1月16日(土)国分寺市教育フォーラム①『不登校を考える~当事者の思いを聴こう!~』に参加しました。

2016年2月23日 16時35分 | カテゴリー: 活動報告

子ども03

 教育委員会主催の教育フォーラムは、毎年、教育市民会議で話し合われる議論から、その内容を検討し開催されています。今年度は昨年に続き、子どもの居場所をテーマに、二週にわたり開催されました。

 

 その第一弾、『不登校を考える~当事者の思いを聴こう!~』に参加しました。
 NPO法人不登校新聞社編集長の石井志昴さんを講師に迎え、不登校の当事者の気持ちを理解することで私たちにできることをみんなで話し合ってみよう、という取組です。
 講師の石井さんは、自らも不登校を経験、フリースクール東京シューレに通学されました。その後、自らの経験を活かそうと、不登校の悩みを抱えて苦しむ子どもたちの声を聴き、その現状を伝えるべく、取材及び講演活動を続けておられます。

1.ケーススタディー
 実際に不登校の子どもたちが経験した出来事について、彼らがどう感じ考えていたのか、グループに分かれて、推測する。

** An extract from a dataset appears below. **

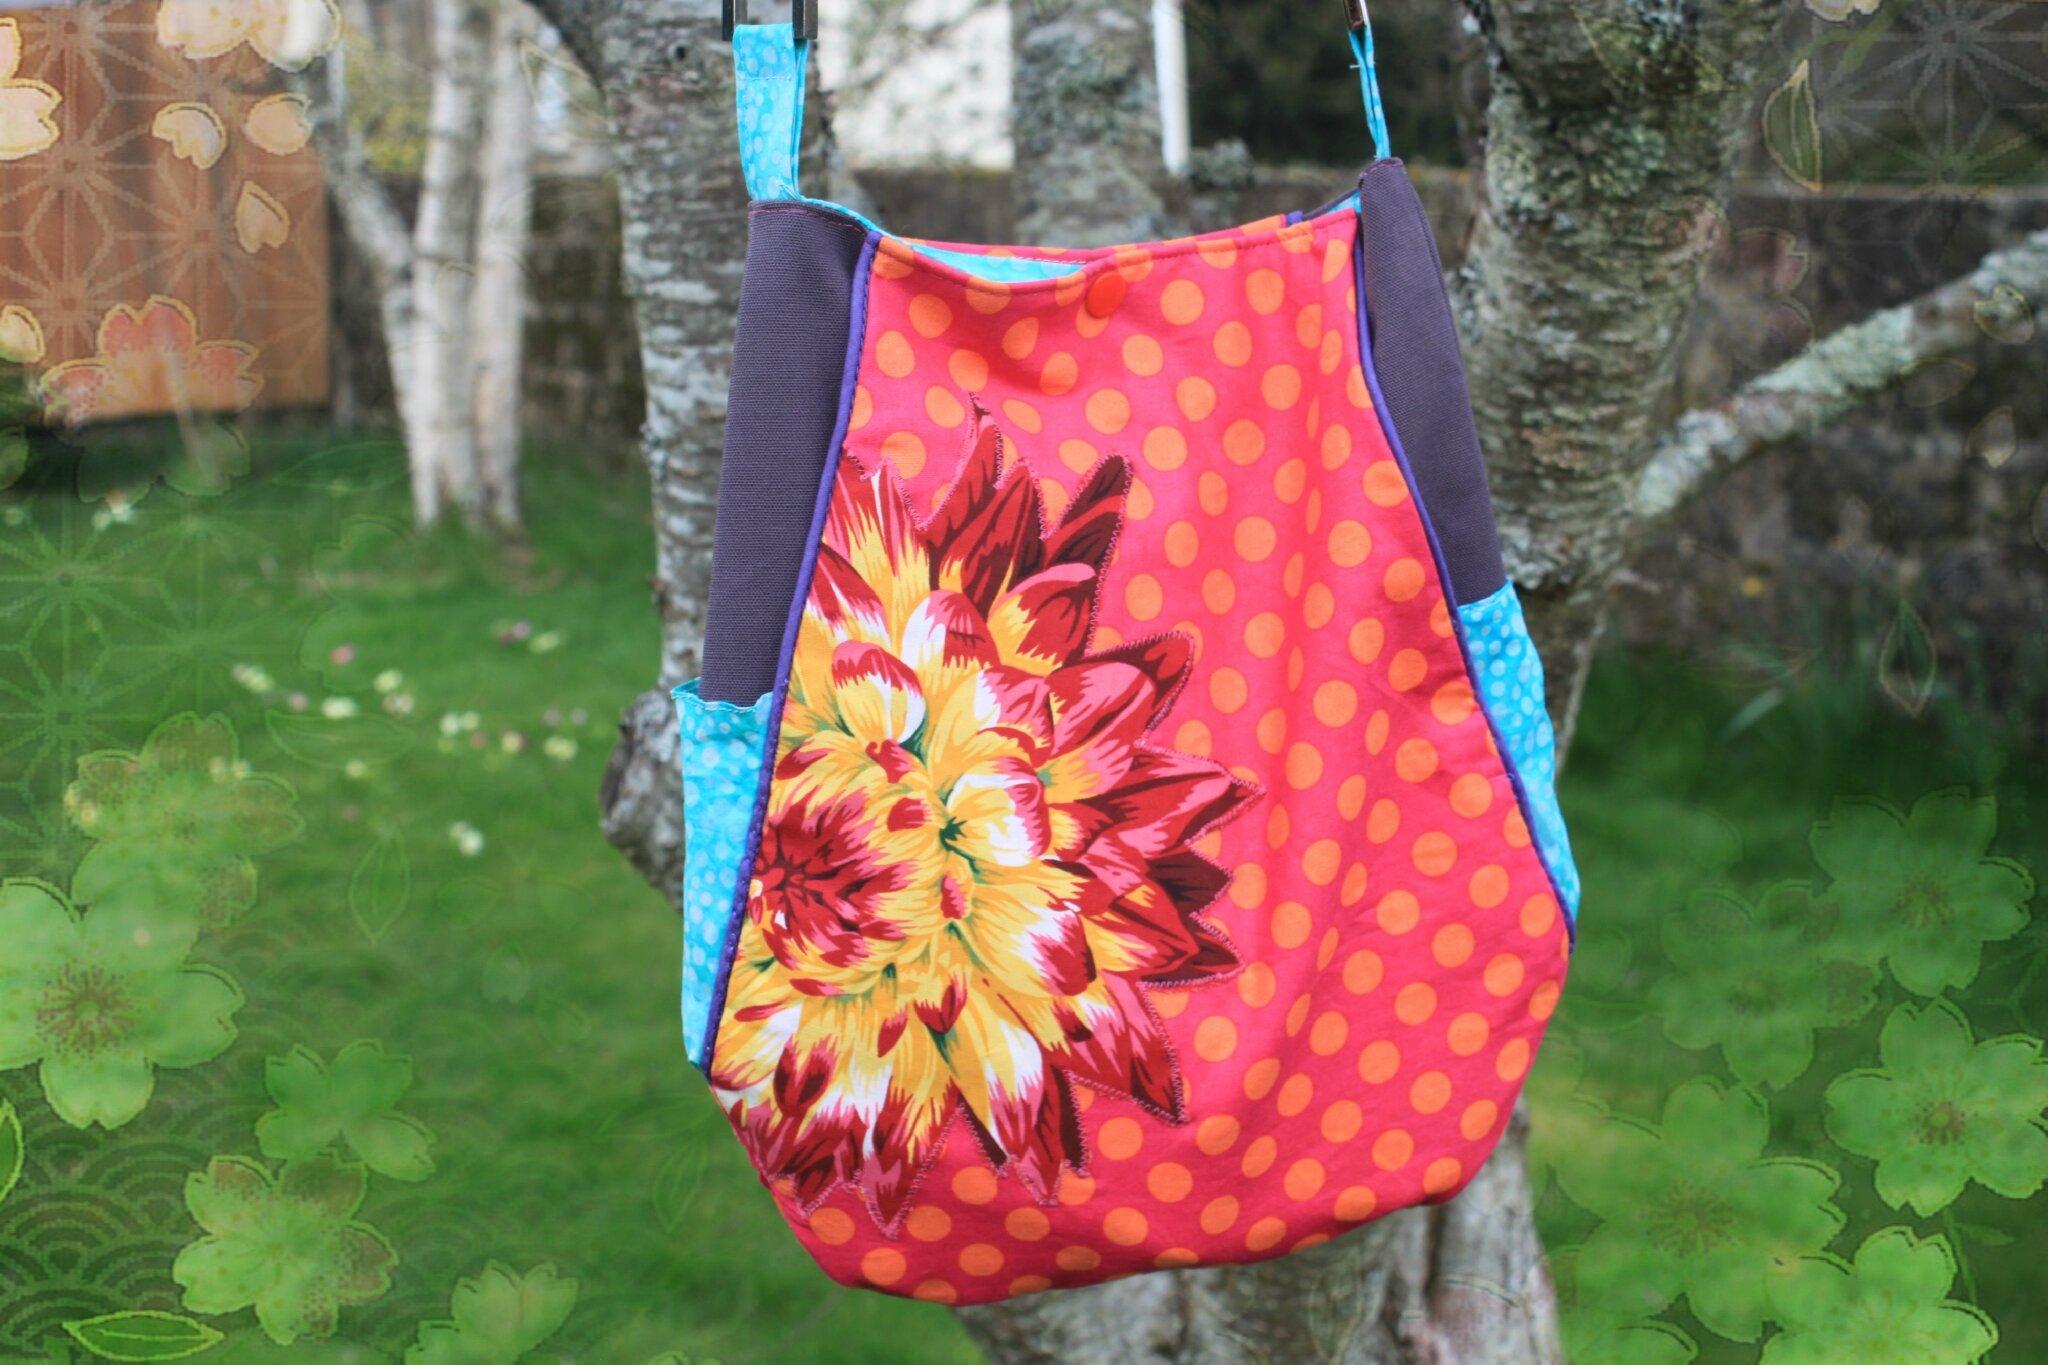 Mon sac de printemps {Concours Abracadacraft / Coudre et Broder/Linna Morata}

(1)石井さんの中学生時代のケース。ある日母親に「髪を切ってさっぱりしたら」と言われ、床屋を予約されました。平日の昼間、近所の床屋に向かいましたが、床屋に行かず帰宅しました。なぜそのまま床屋にいかなかったのか。

①参加者から出た意見
 *親の言うとおりにしたくない *「今日は学校休み?」と聞かれたくない。 *人と会話したくない。
 *面倒くさい。 *髪型は自分のポリシーがある。 *床屋さんは同級生の家
 *髪を他人に触られたくない。等
②石井さんのその時の気持ち
 *「学生さん?」「学校は休み?」と聞かれたくなかった。
  → 自分の不登校の現状をいつも気にしている。それを説明するような会話をしたくない。
 *近所の同級生に会いたくなかった。
③ポイント
 (ア)会話に慣れていない。会話の中で本心を言えない。
    → なぜ?と聞かないであげる。聞かれて答えても、それは本心ではない。
 (イ)本人が誤解していることもある。
    → 学校は?の問いは、ただの学生割引の確認の場合も。
    → 同級生は学校にいて、日中の街中にいない。
 (ウ)本人たちの中に不安感はいつもある。
    → この気持ちに寄り添うことが大切。
    → 本人なりに対策を考え出すので、見守ることも大切。

(2)不登校や引きこもりの当事者の皆が、「本当に救われた」と言った、親の自分への対応は、どんなことだったか。

①参加者から出た意見
 *そのままでいいよ。 *自分の見方でいてくれた。 *見守ってくれた。 *いつも傍にいてくれた。
 *動き出すまで待っていてくれた。 *放っておいてくれた。等
②石井さんのその時の気持ち
 *自分の意思を尊重してくれた。*感謝された。*最後まで話を聞いてくれた。
③ポイント
 当事者は、今の自分を認めてくれる人を探している。
 自分の苦しさに気づいてくれる人に出会うことで救われる。

2. 心が回復するまでの地図
 不登校から解消までのたどりをする。
 不登校は、心が傷つき、心の回線を切っている状態で、また繋いで動き出せれば回復としたい。全体的な経過を見守りながら、今どの段階にあるのかを把握する。
(1)身体症状(無気力・暴力・リストカット・等)
    そうせざるを得ない状況。
    → その背景を考える。
(2)感情の噴出(甘え・怒り・死にたい・等)
    本人もコントロールできない。傷ついた感情を別の形で表現。
    → とことんつきあうことで愛情が伝わる。
(3 )言語化(たくさん話す)
    自分を整理している段階。
    → 最後まで否定せずに話を聞く。
(4)親離れ
    自分の今後について自分で考え出す。
    → 不登校・ひきこもりの一応の最終点と考えられる。

3. まとめ
 ・子どもの存在意義を認める。
 ・今いる状況を大雑把につかむこと。
 ・子どもたちは、皆、自分の人生を良くしたいと考えている。向かっていく方向とゴールは様々でよい。

 不登校を経験されたご本人のお話しには、自分の行動を考えさせられる事例がたくさんありました。親として子どもにとって良かれと思っていることが、かえって本人を悩ませていることがあるのだ、と改めて感じました。